Internet search engines: review of popular and little-known search engines
Total
Introduction
Few people can now imagine the Internet without search, search results, and information search systems (IRS) that organize it all. But until recently, all Internet information fit into several directories, the names of which are still well-known (DMOZ, Yahoo).
Today, the volume of information on the Internet is so huge that it is impossible to fit it into any catalogues. To process, store information, and organize searches, powerful software products have been created and continue to be created, which we call search engines (SE). Each search engine (search engine) has its own databases, its own algorithms for processing, searching, ranking and displaying information.
Internet search engines are
The following academic definition of search engines can be given.
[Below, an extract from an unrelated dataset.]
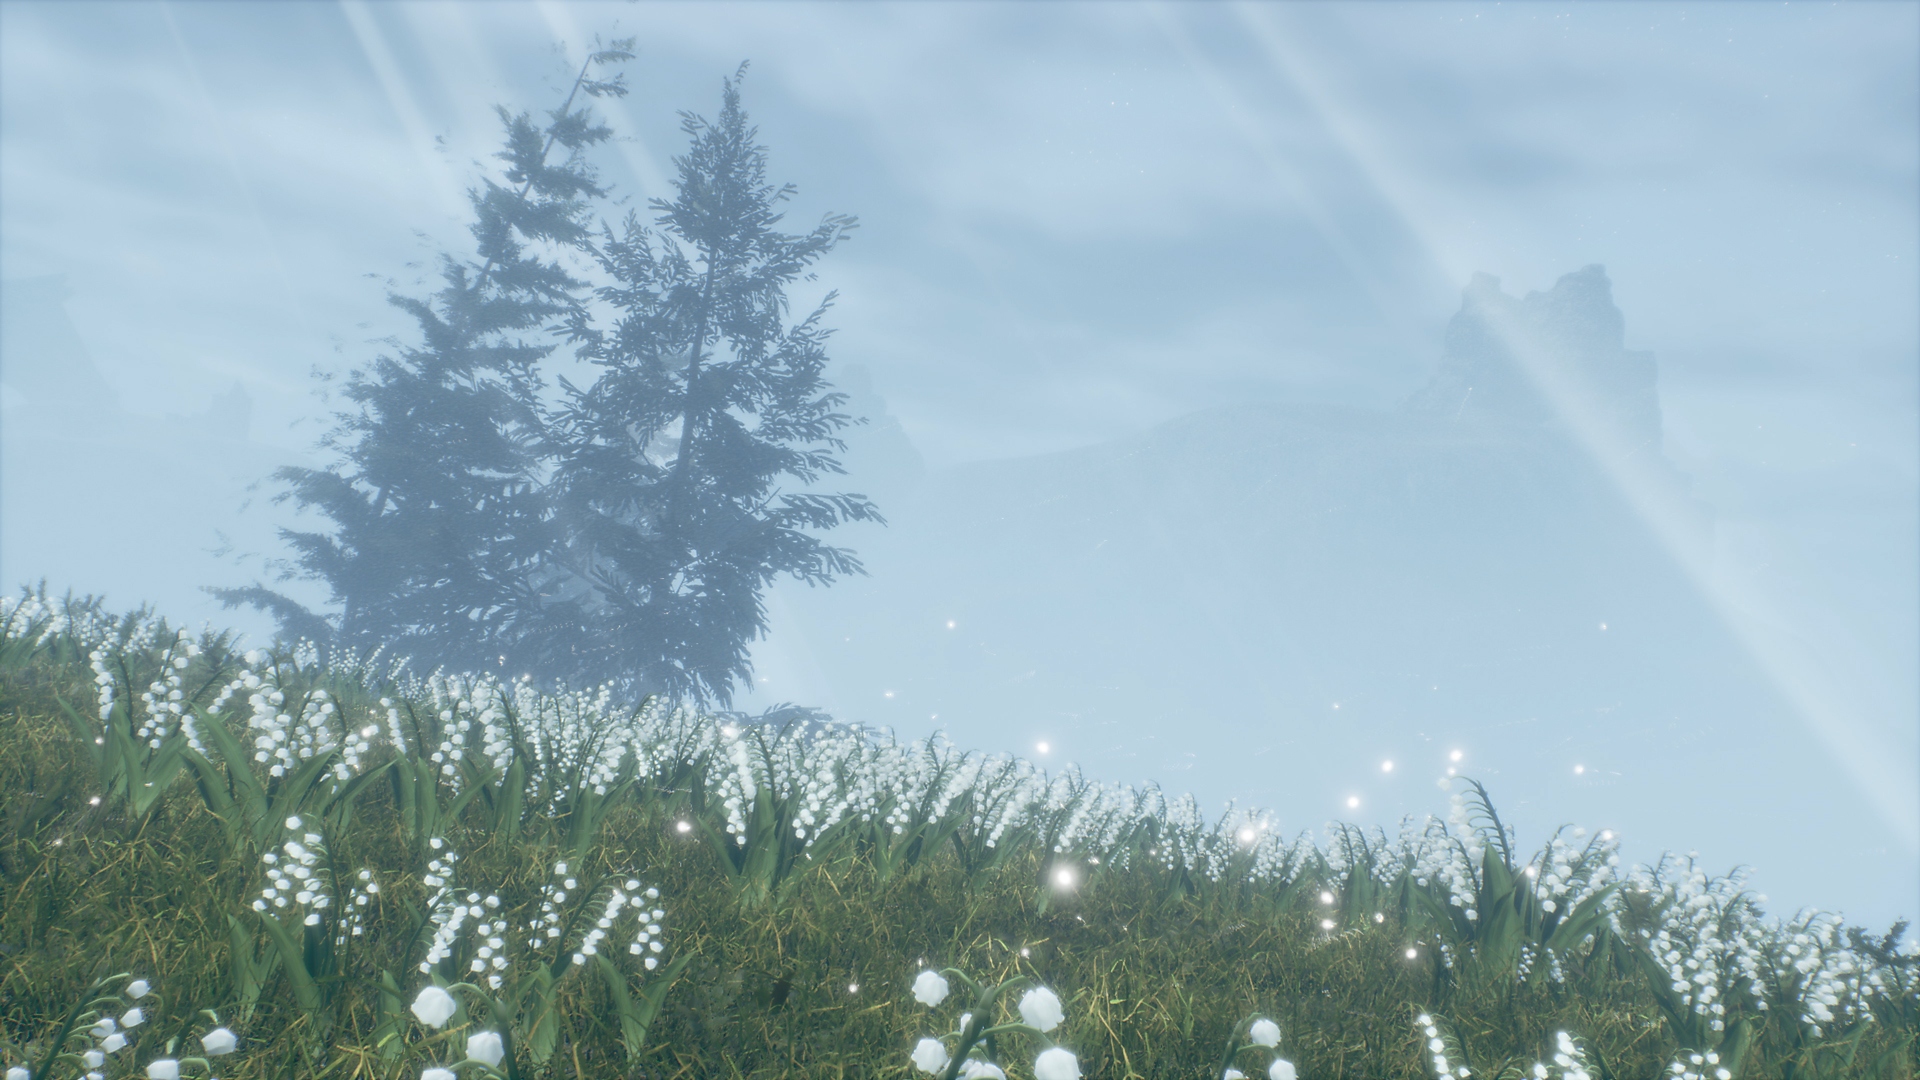 Valkyrie Elysium - Capture d'écran montrant deux arbres dans une zone herbeuse

A search system is a set of programs and technical means for organizing a user search on the Internet, in which, when responding to a text query, the user receives a list of relevant (corresponding to the request) results.
The issuance is made in the form of a list of links to the source of information with a brief description (preview), sometimes with a photo.
For the first example, let’s remember the world search leader “Google” and the leader of the Runet search engine “Yandex”. In addition to these search engines, you can name a dozen more existing search engines, which we will talk about below.
Opinion: Search engines Google, Yandex and others are not generators (producers) of content, but are aggregators (accumulators) of content and, for the most part, other people’s content. It is worth remembering that using someone else’s content to create your own traffic and monetize it can be characterized as “piracy,” which, of course, does not happen in reality.
Rating
- and Google share the first two places of leaders: about 49% and 45%.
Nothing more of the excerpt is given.